» WHAT THIS TASK INVOLVES:
All of the data should be repeated exactly; pictures are not part of the copy.

» GIVEN DATA:
------------------------------------

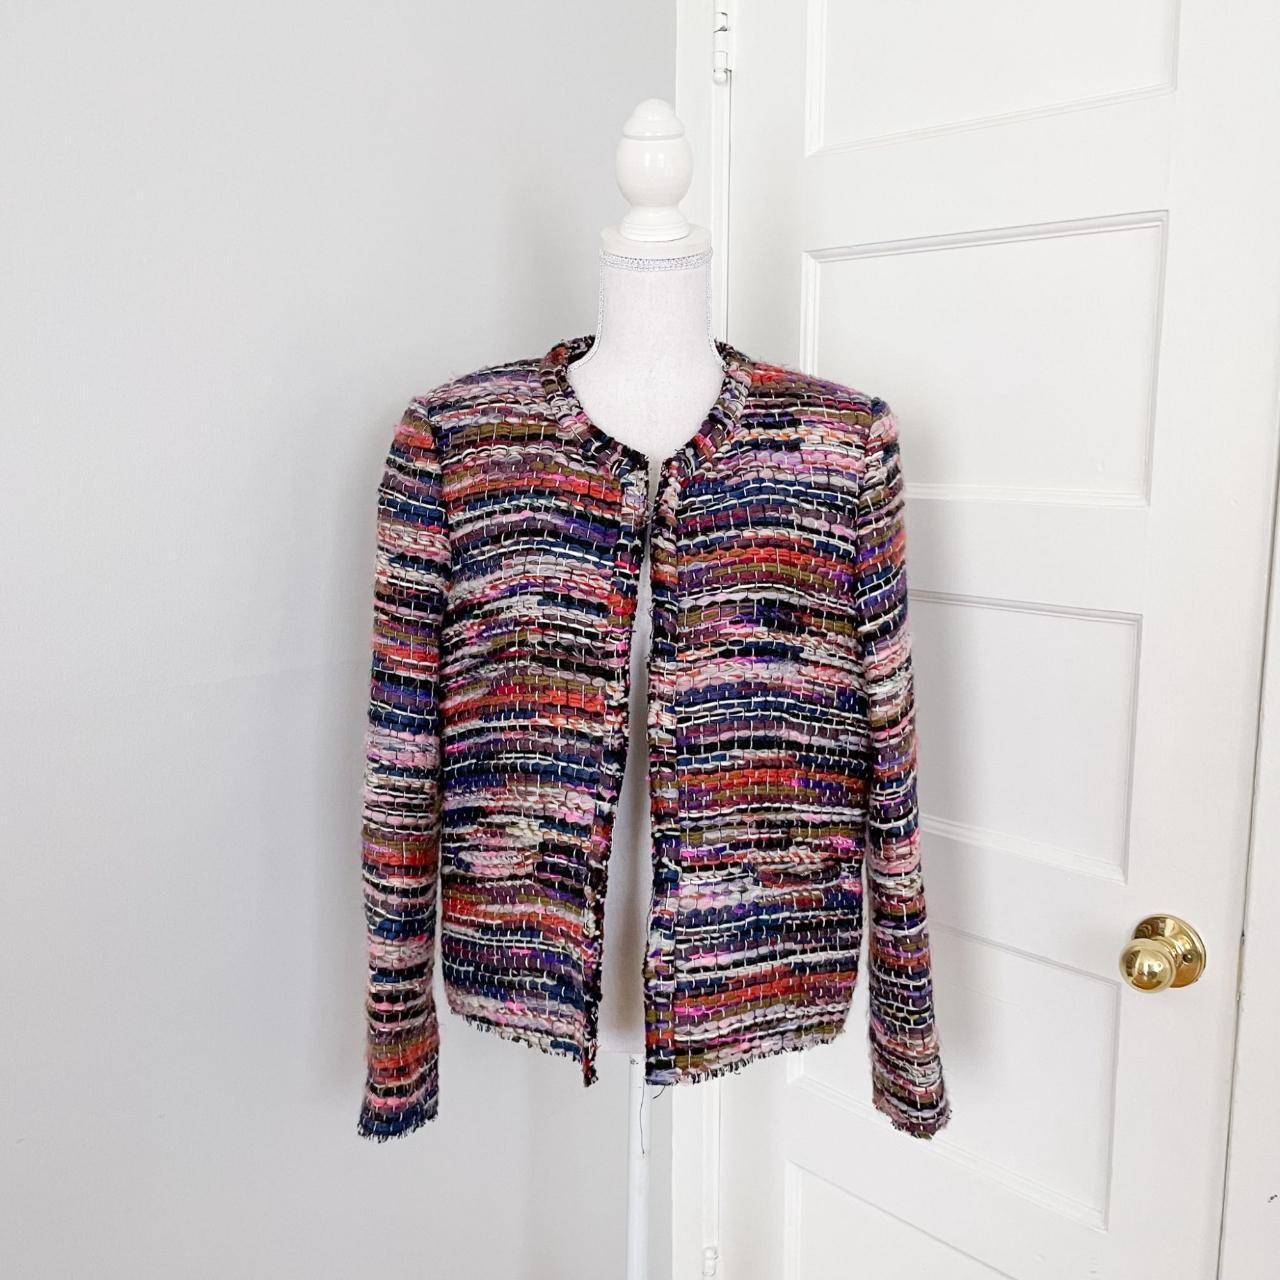 Product Image 1 - Iro Namanta Multicolor Tweed Jacket
Size
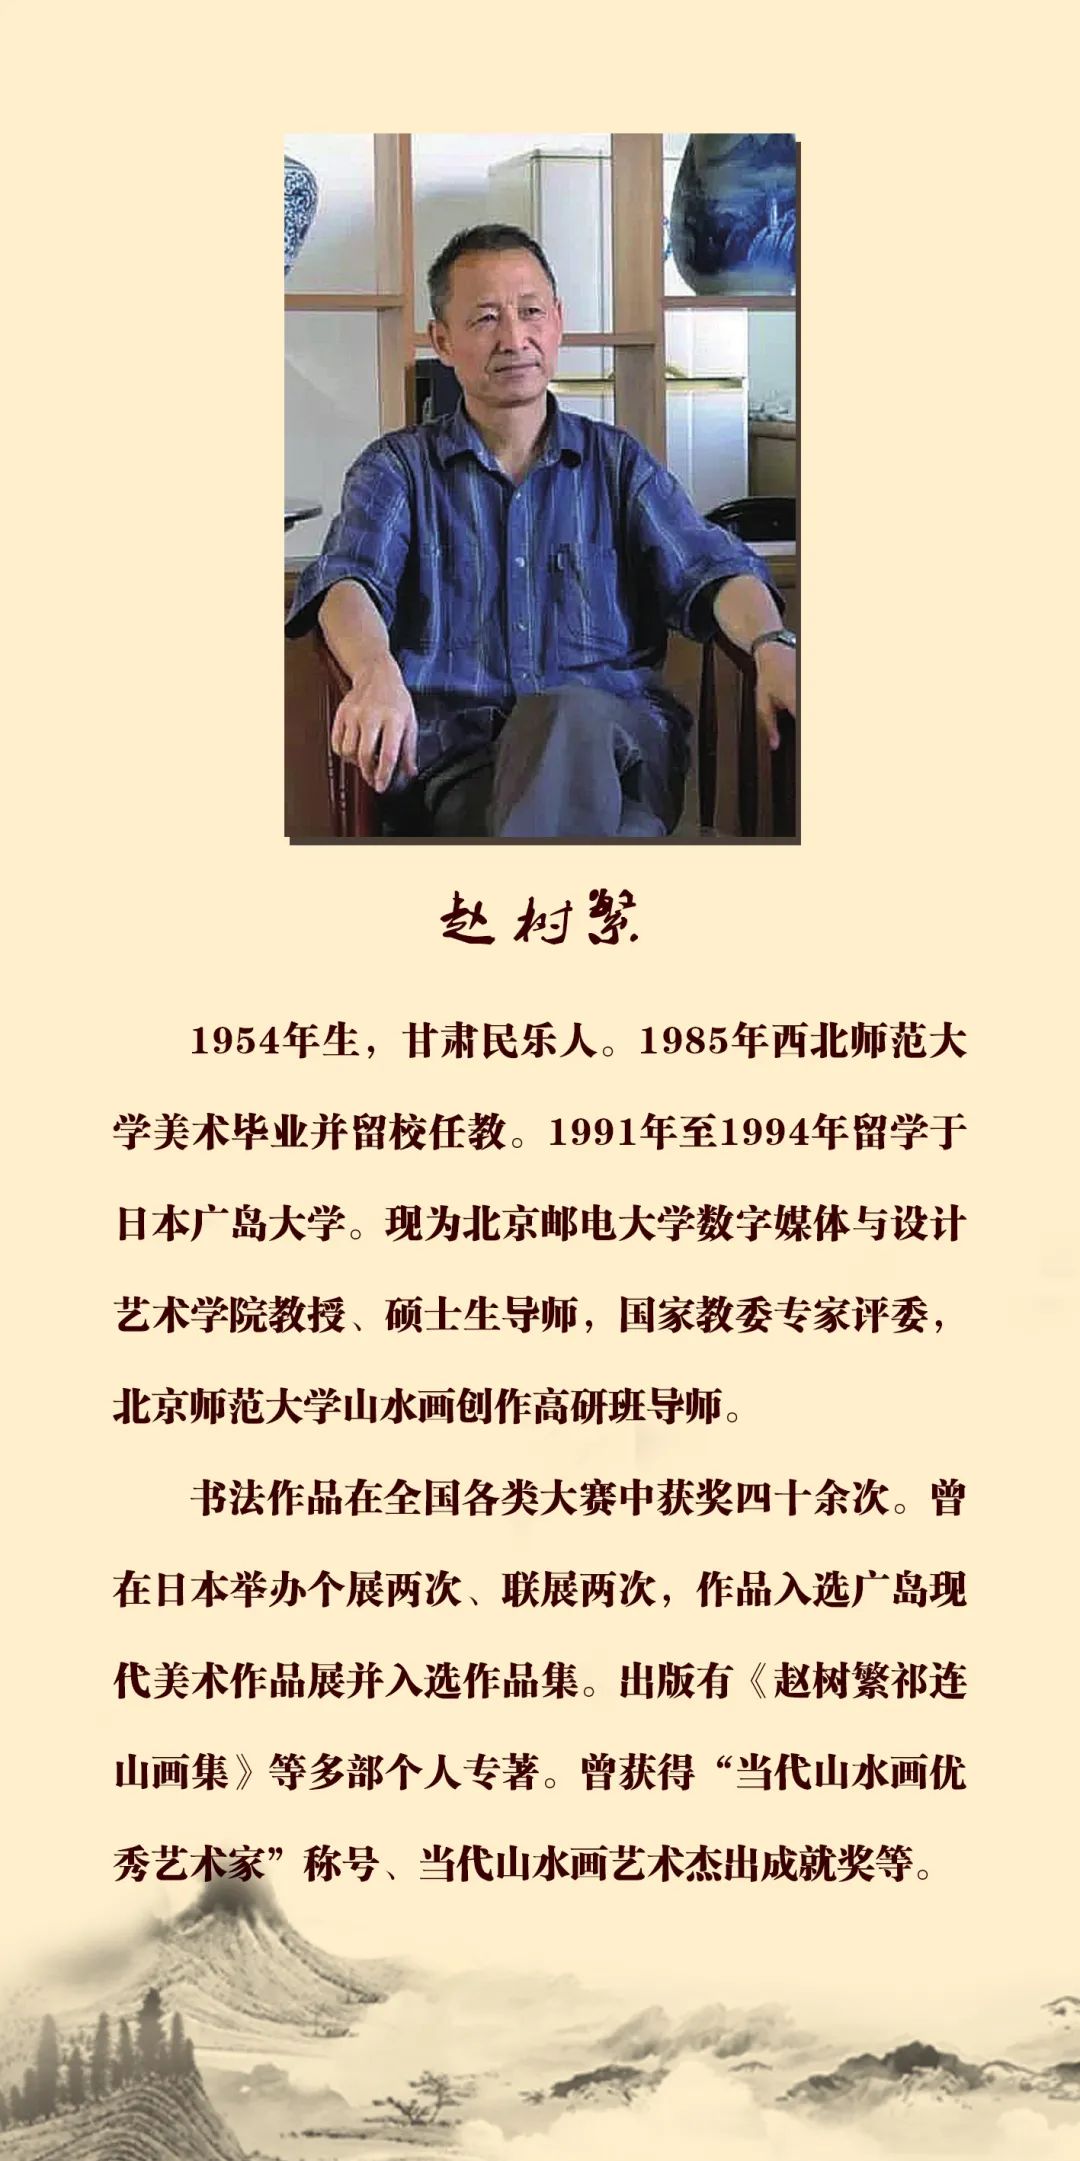 飞天舞墨馨香津沽——马国俊、赵树繁、陈福春书画作品联谊展将于10月16日开幕

------------------------------------

» TASK RESPONSE:
 Product Image 1 - Iro Namanta Multicolor Tweed Jacket
Size
 飞天舞墨馨香津沽——马国俊、赵树繁、陈福春书画作品联谊展将于10月16日开幕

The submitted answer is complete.